H2O2 accumulation plays critical role in black spot disease resistance in roses

Most rose cultivars are susceptible to black spot disease caused by Marssonina rosae. To elucidate the effect of leaf structure, callose deposition and H2O2 metabolism on black spot disease resistance, we measured the wax content and cuticle thicknesses of leaves, the callose, H2O2 accumulation, and the SOD, POD, APX and CAT activity and their related gene expression levels in six Rosa species and cultivars infected with M. rosae. The correlation between black spot disease resistance and leaf structure, callose, and H2O2 accumulation, and the role of H2O2 in response to black spot disease were analyzed. The results showed that black spot disease resistance was closely related to H2O2 accumulation, and there was a strong significant negative correlation between disease resistance and H2O2 accumulation (P < 0.01).

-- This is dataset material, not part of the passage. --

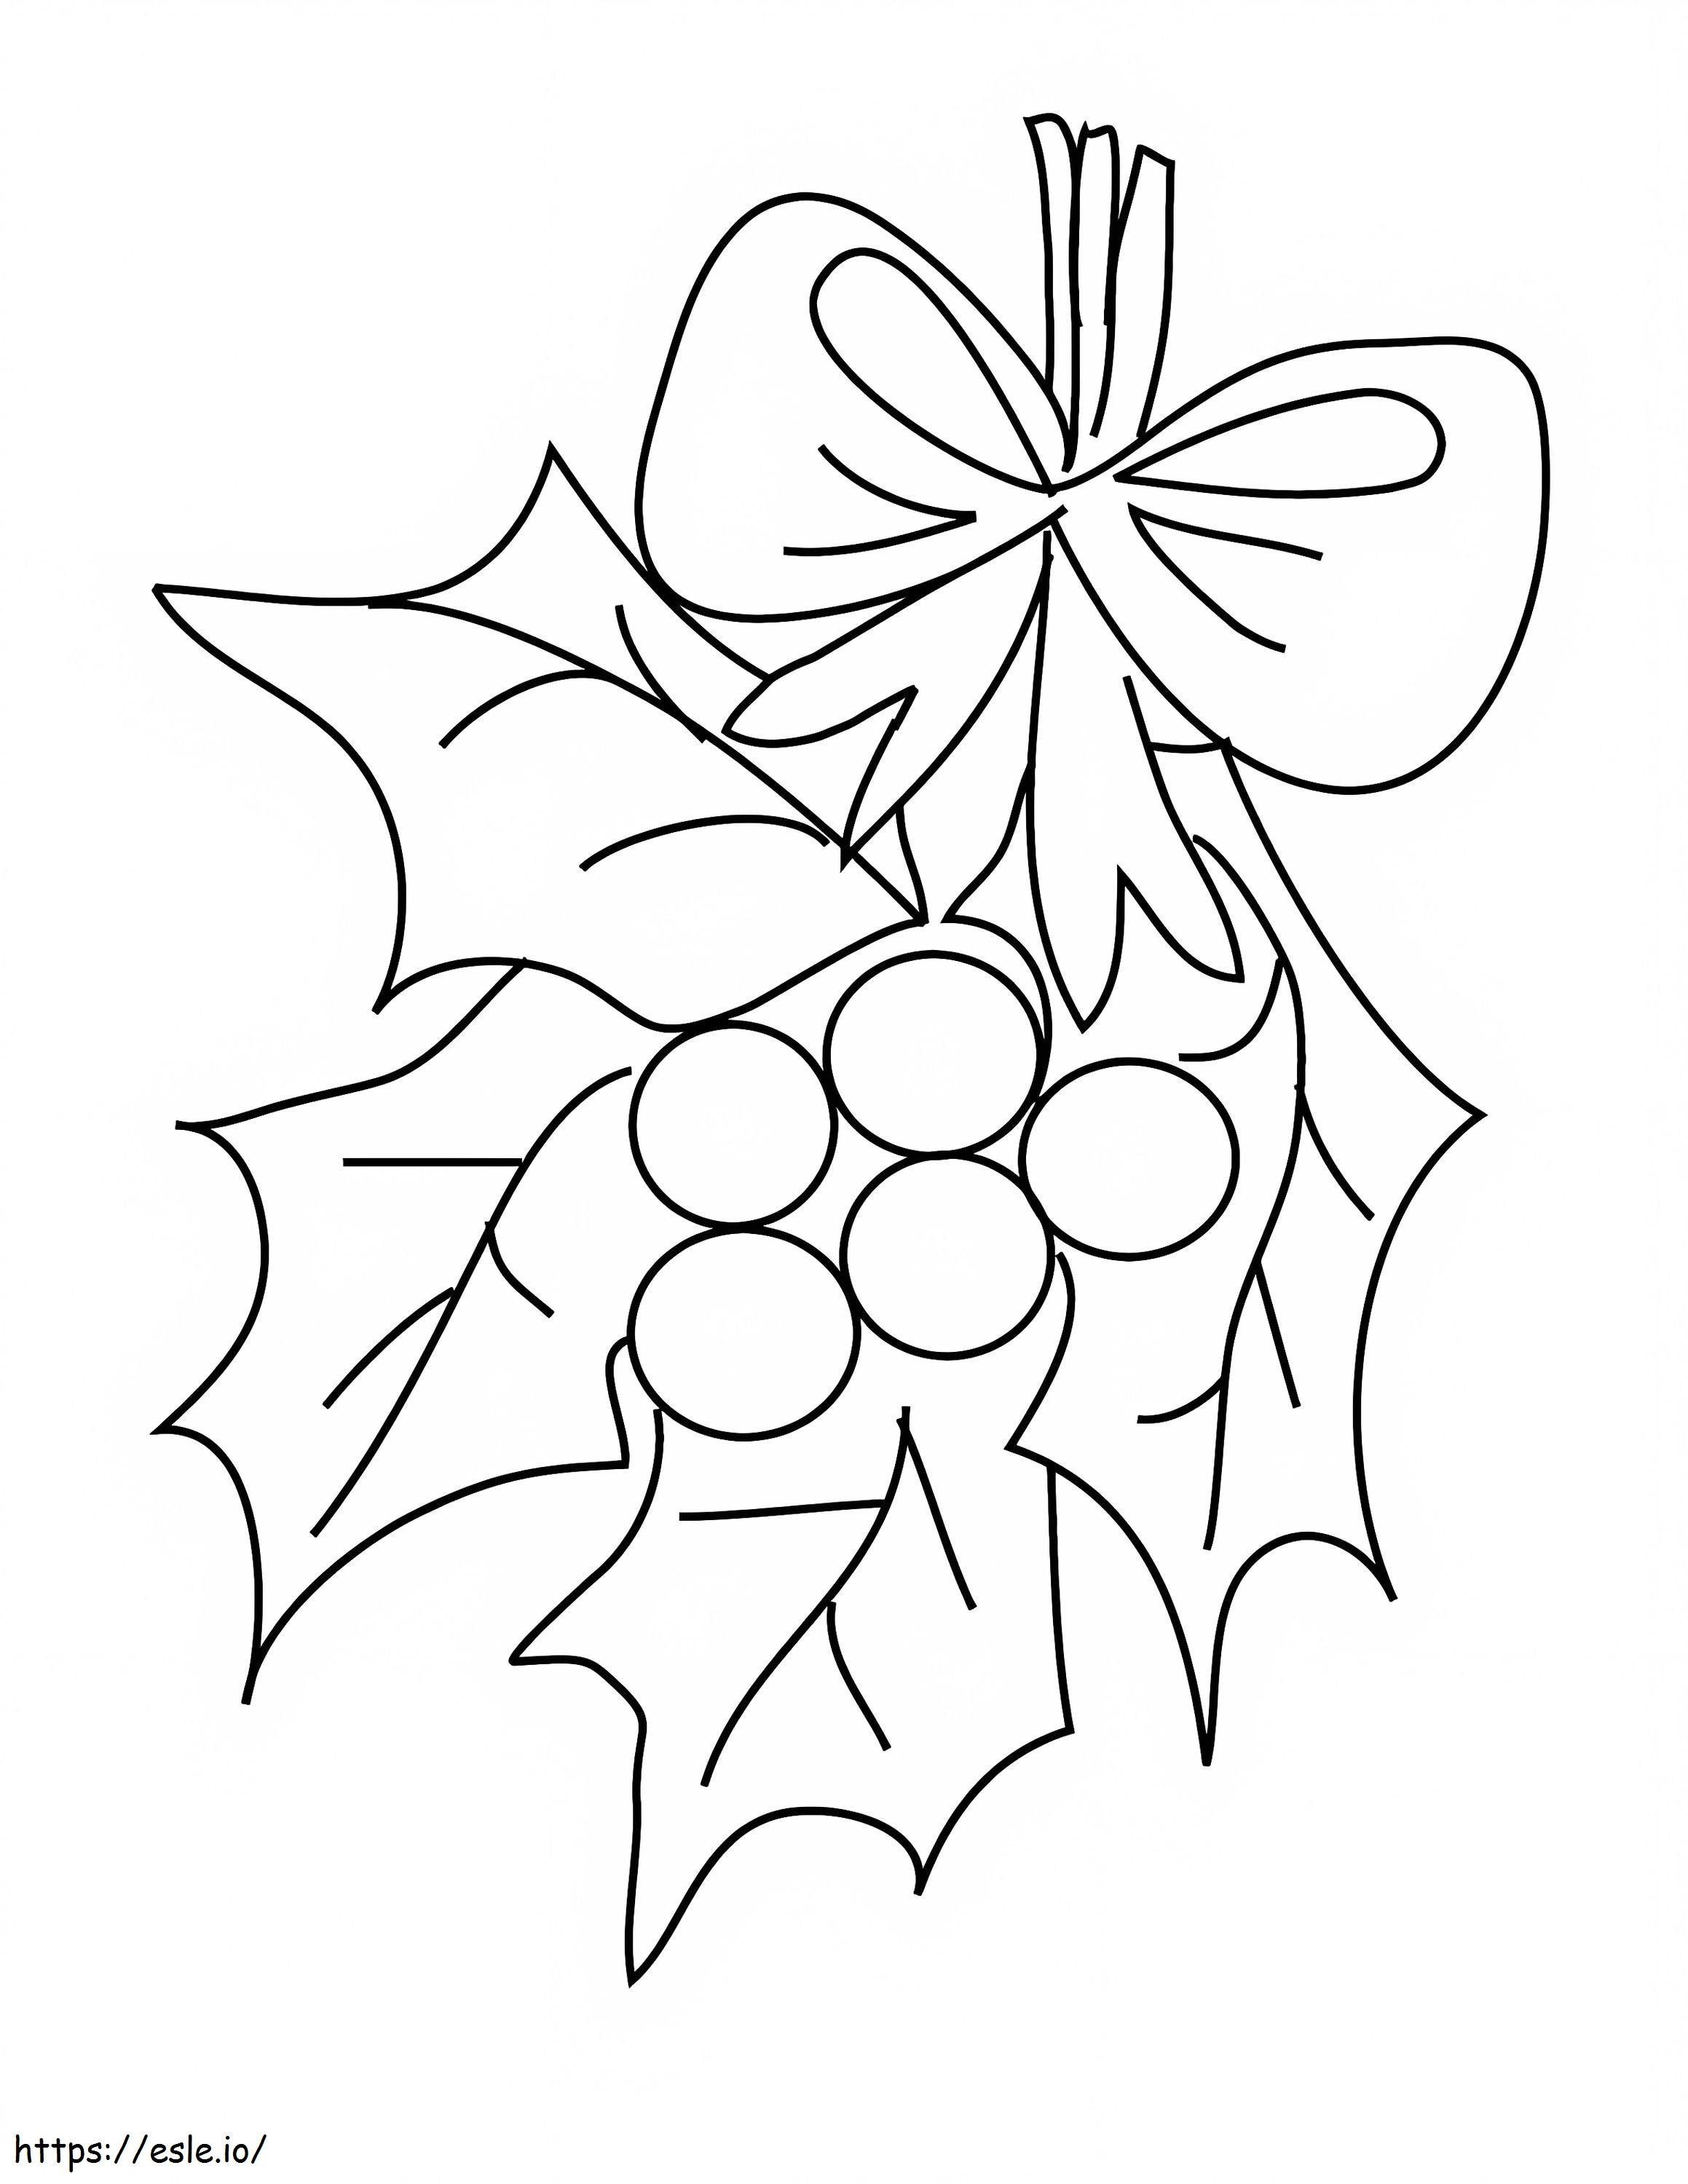 Mistletoe 9 coloring page

APX, CAT and POD activity and their related gene expression levels, which are related to H2O2 accumulation, were higher in resistant accessions than in susceptible accessions in the early stage of the plant-pathogen interaction. An increase in H2O2 appeared and antioxidant enzymatic activities increased at the late stage of infection with M. rosae in susceptible accessions, which was different from the trend in resistant accessions. Our results demonstrate that an early and rapid response to H2O2 accumulation in black spot disease-resistant rose accessions could be one of the reasons for resistance against M. rosae. Therefore, regulation of ROS during the early response could be a feasible approach for achieving black spot disease resistance in roses.